Abstract: In this chapter, a so-called DCA method based on a DC (difference of convex functions) optimization approach for solving large-scale distance geometry problems is developed. Two main problems are considered: the exact and the general distance geometry problems. Different formulations of equivalent DC programs are introduced. Substantial subdifferential calculations permit to compute sequences of iterations in the DCA quite simply and allow exploiting sparsity in the large-scale setting. For improving the computational efficiency of the DCA schemes we investigate several techniques.
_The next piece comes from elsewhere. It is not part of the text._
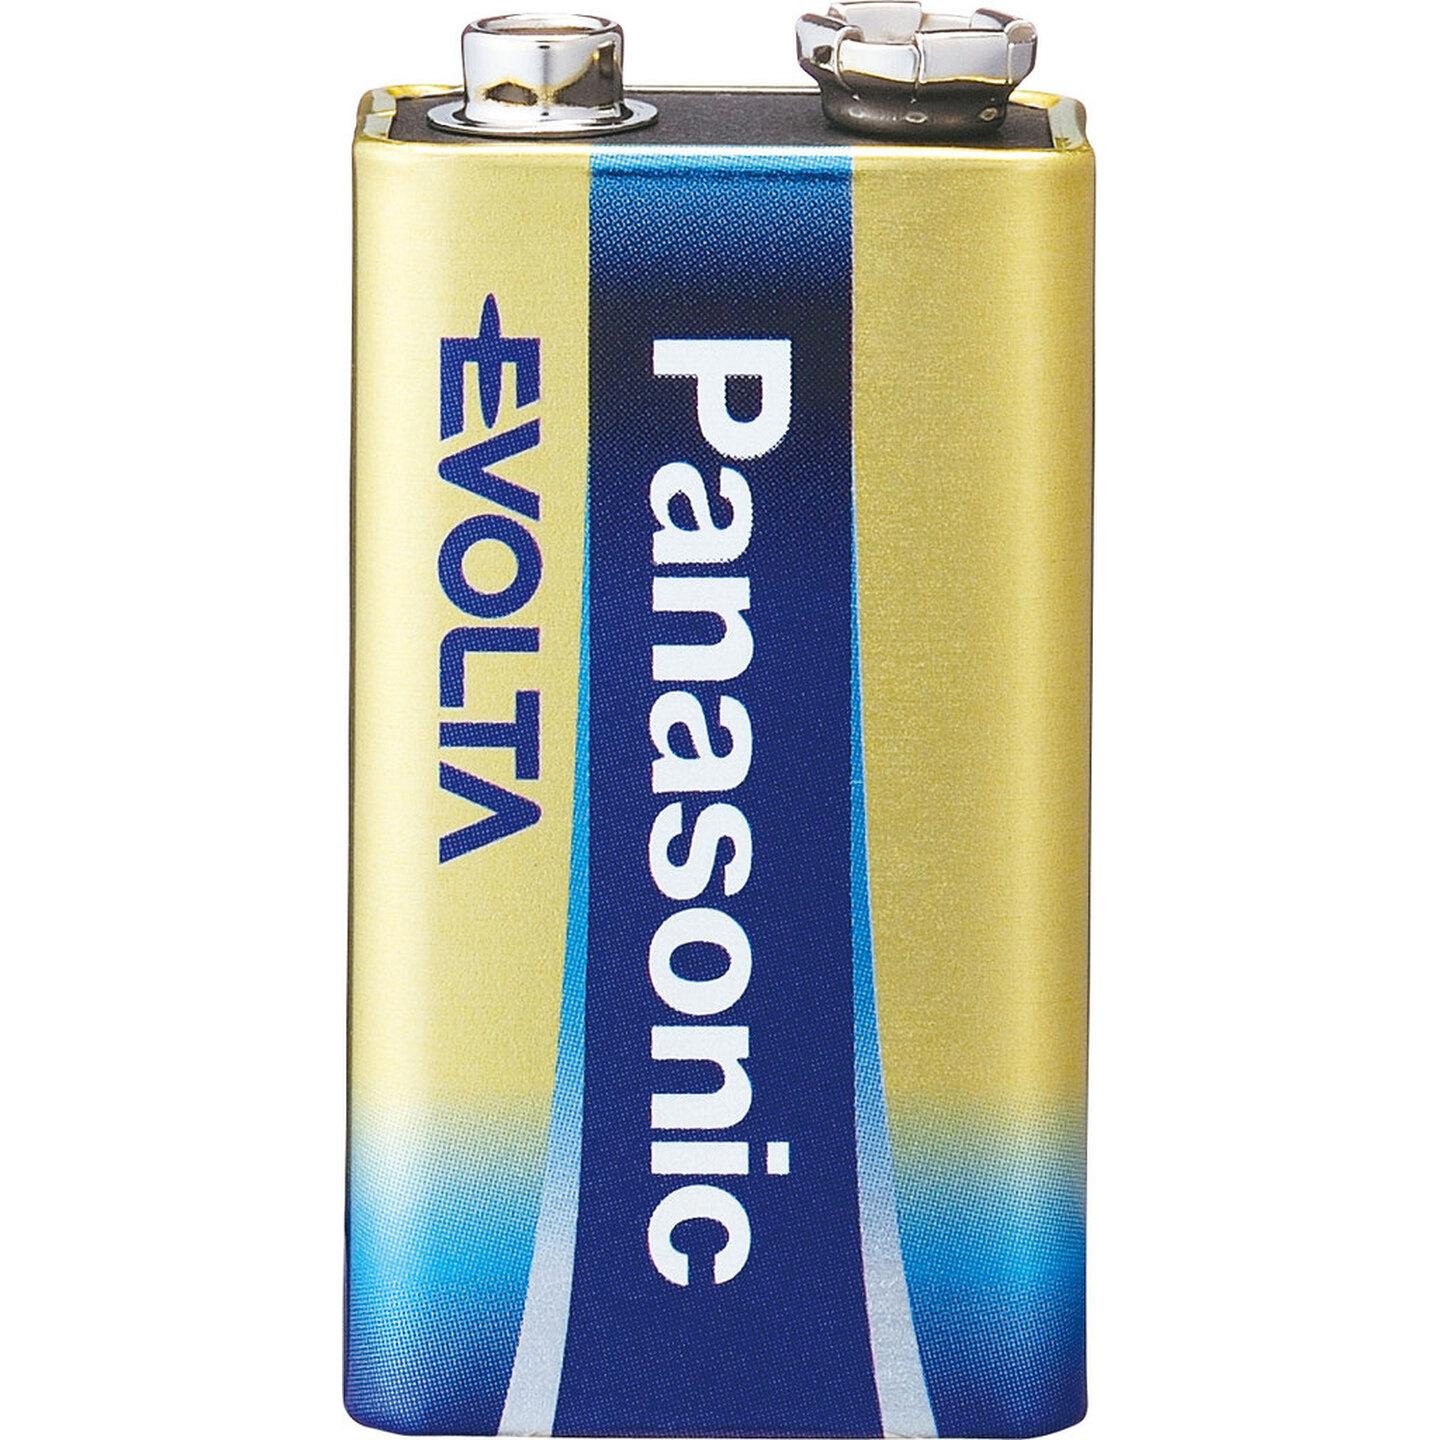 Panasonic Evolta 9V Battery - Single
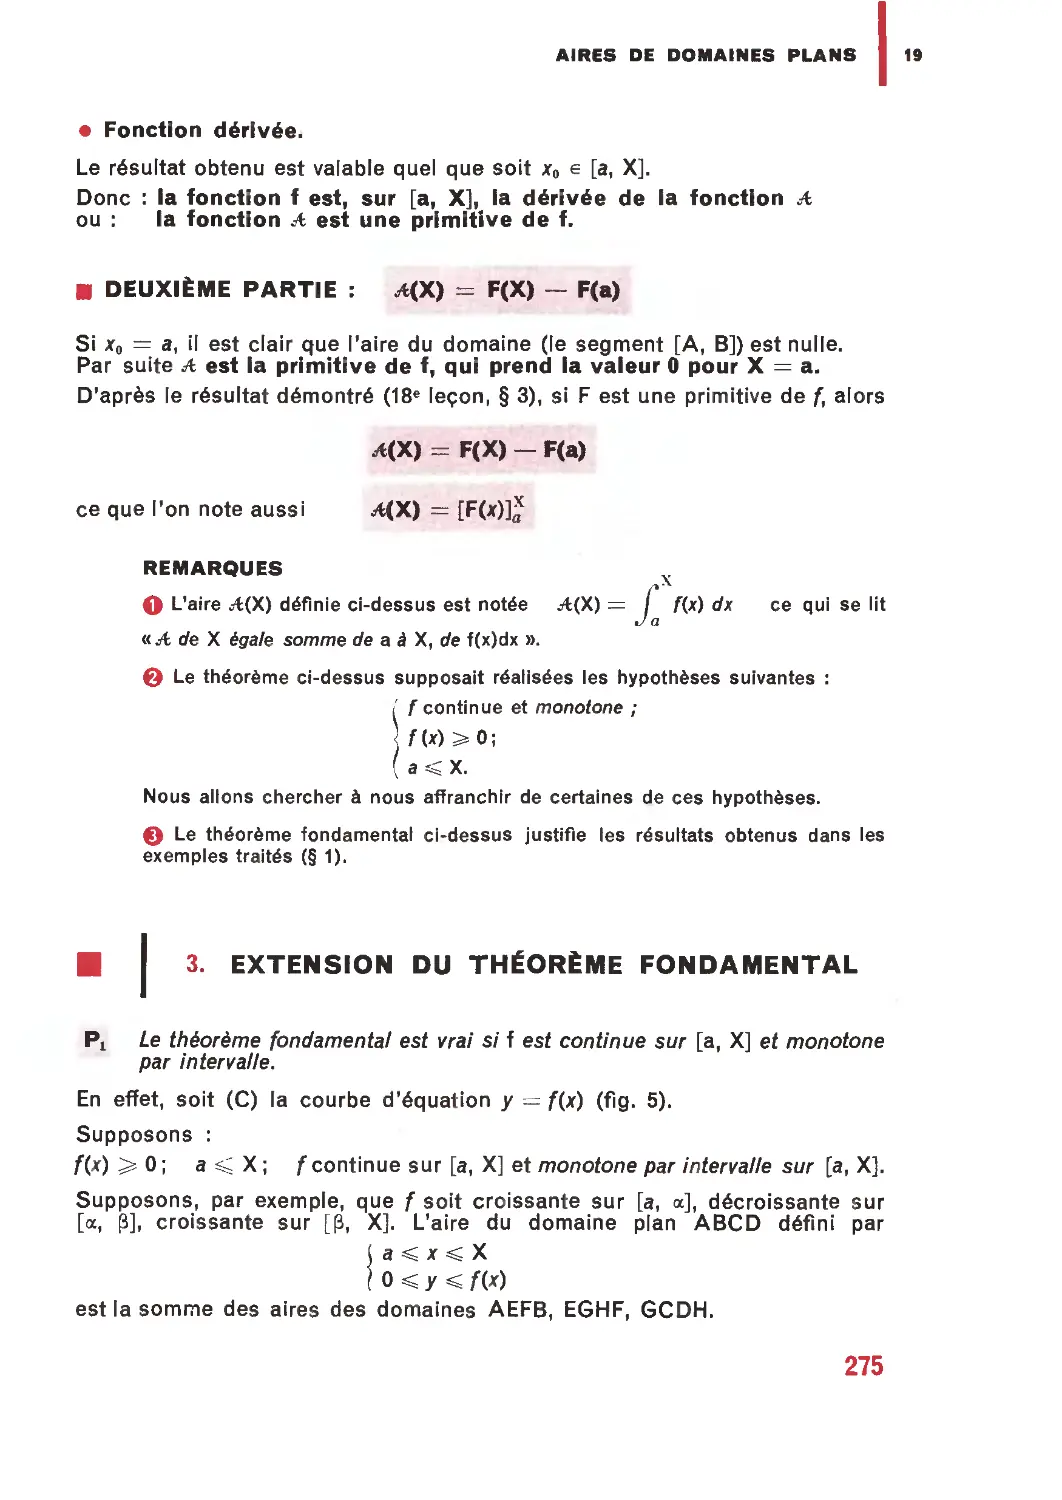 3. Extension du théorème fondamental

A two-phase algorithm using shortest paths between all pairs of atoms to generate the complete dissimilarity matrix, a spanning trees procedure, and a smoothing technique are investigated in order to compute a good starting point (SP) for the DCAs. An important issue in the DC optimization approach is well exploited, say the nice effect of DC decompositions of the objective functions. For this purpose we propose several equivalent DC formulations based on the stability of Lagrangian duality and the regularization techniques. Finally, many numerical simulations of the molecular optimization problems with up to 12,567 variables are reported which prove the practical usefulness of the nonstandard nonsmooth reformulations, the globality of found solutions, the robustness, and the efficiency of our algorithms.

 

Citation: Le Thi Hoai An, Pham Dinh Tao, DC programming approaches for Distance Geometry problems, in “Distance Geometry: Theory, Methods and Applications”, Mucherino, A; Lavor, C; Liberti, L.; Maculan, N. (Eds), pp 225-290, Springer 2013.